- DATA:
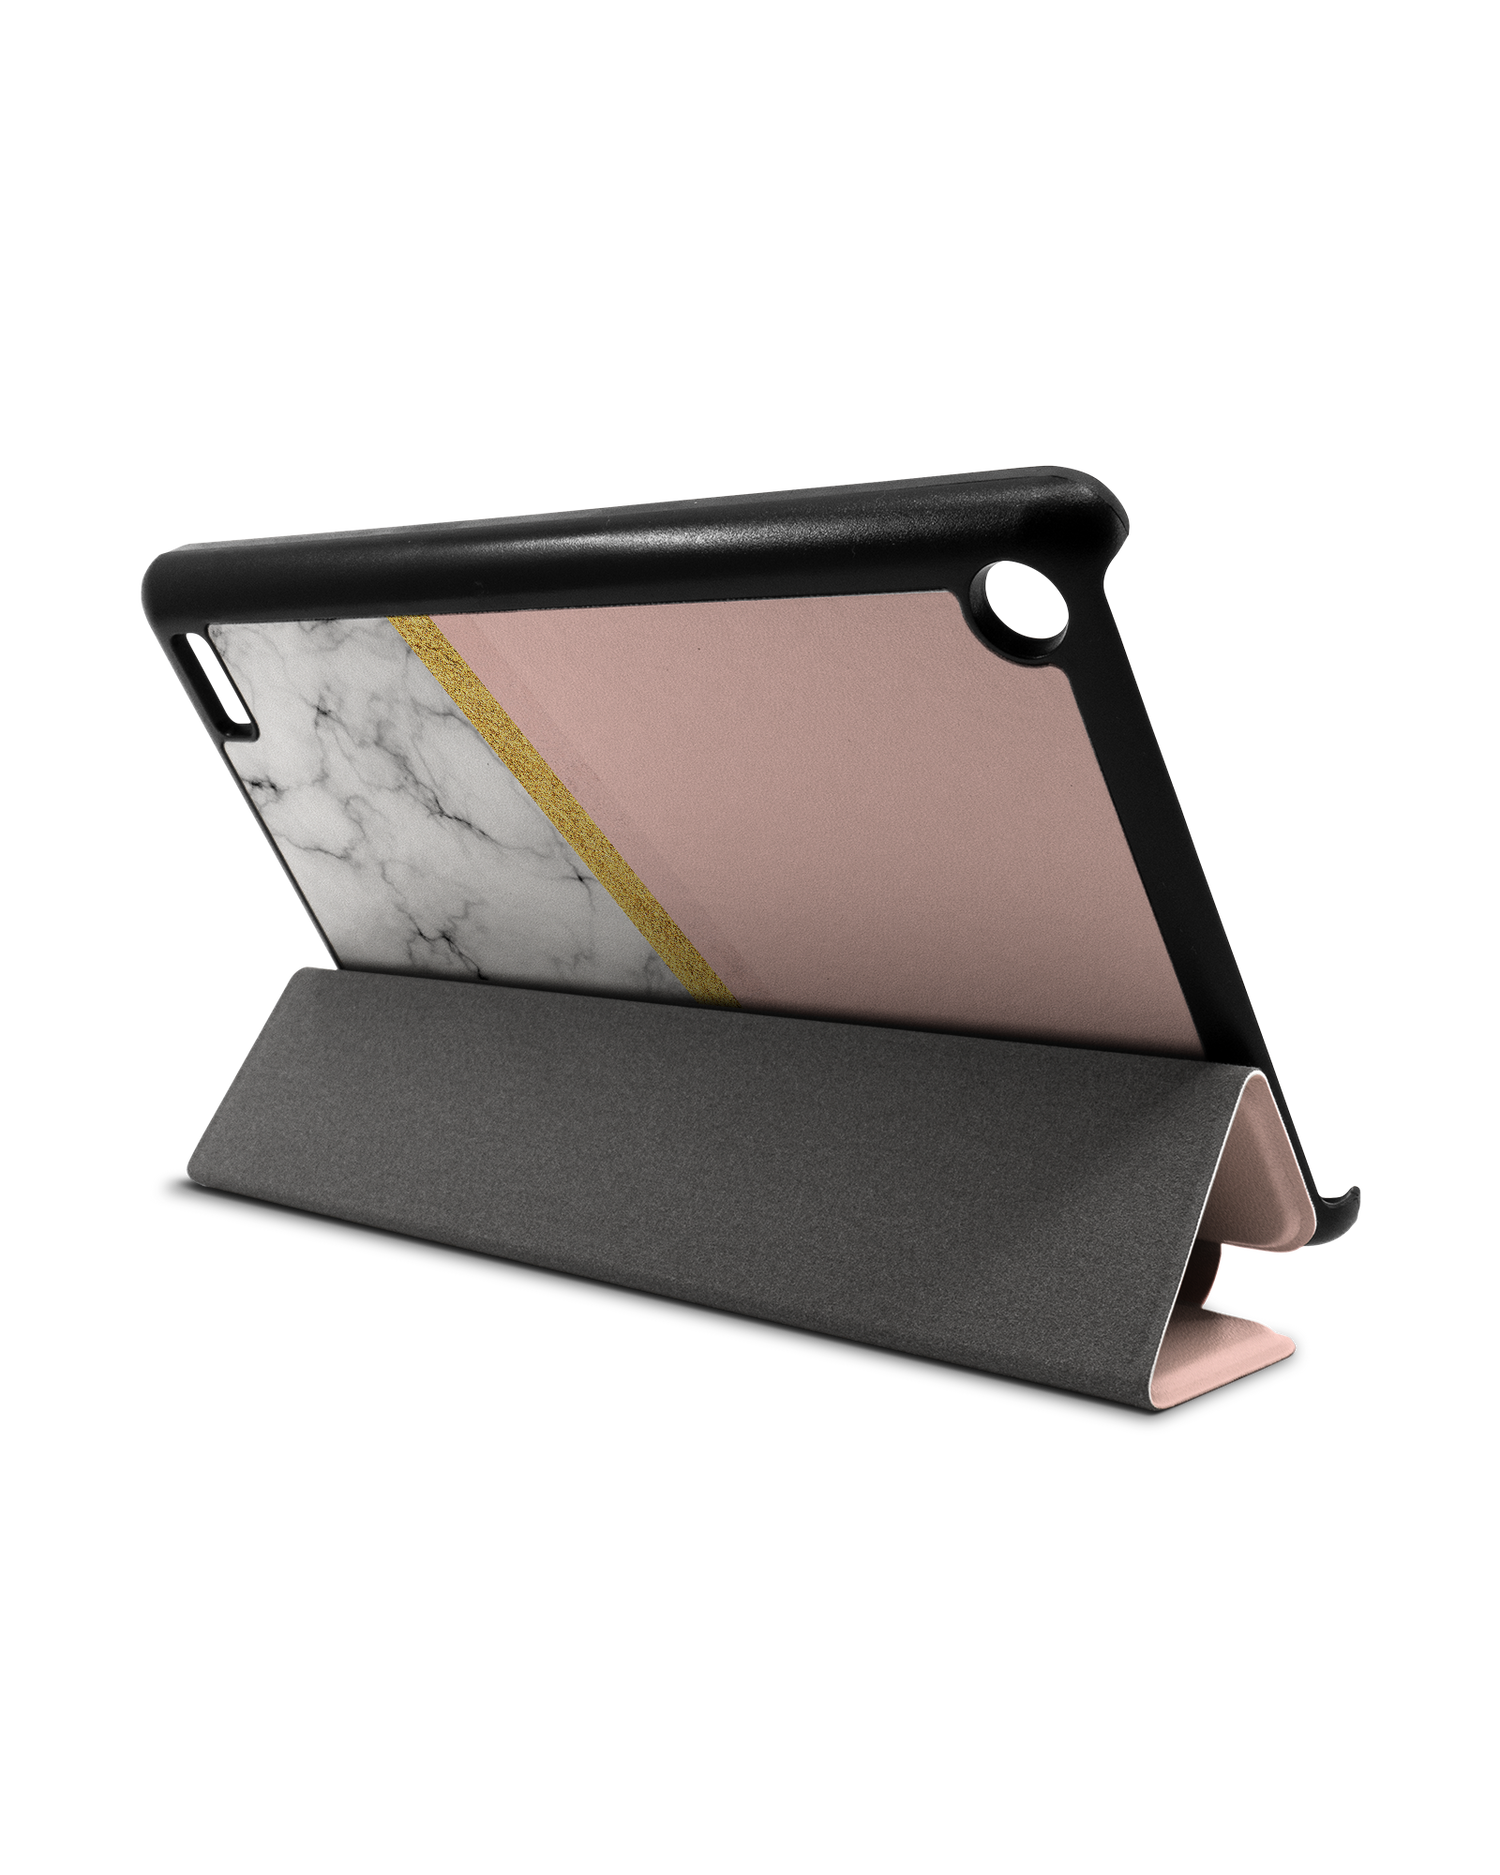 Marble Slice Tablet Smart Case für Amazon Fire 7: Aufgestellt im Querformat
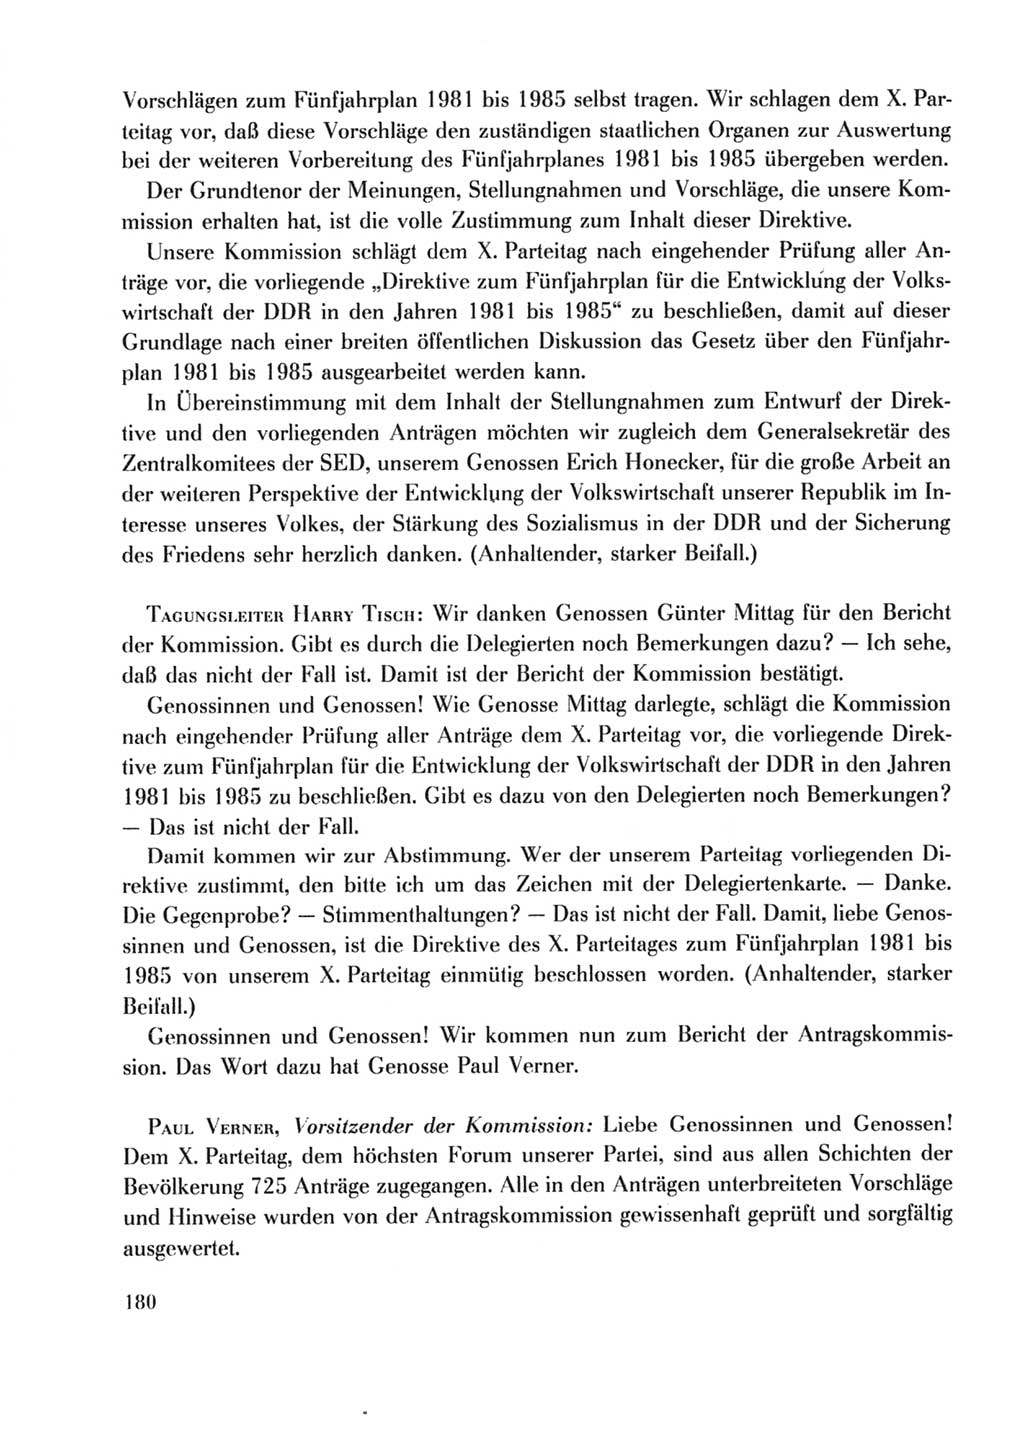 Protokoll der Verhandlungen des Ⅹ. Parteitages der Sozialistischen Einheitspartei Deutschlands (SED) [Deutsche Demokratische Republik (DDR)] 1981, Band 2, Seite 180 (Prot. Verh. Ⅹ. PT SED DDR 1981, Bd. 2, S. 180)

--

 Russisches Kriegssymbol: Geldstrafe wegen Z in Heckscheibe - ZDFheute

- PROBLEM TO SOLVE:
Set down again, word for word, every line from the one with "Marble Slice Tablet" to the one with "Protokoll der Verhandlungen" in the entries above, and omit the pictures.

- RESULT OF THE TASK:
 Marble Slice Tablet Smart Case für Amazon Fire 7: Aufgestellt im Querformat
 Protokoll der Verhandlungen des Ⅹ. Parteitages der Sozialistischen Einheitspartei Deutschlands (SED) [Deutsche Demokratische Republik (DDR)] 1981, Band 2, Seite 180 (Prot. Verh. Ⅹ. PT SED DDR 1981, Bd. 2, S. 180)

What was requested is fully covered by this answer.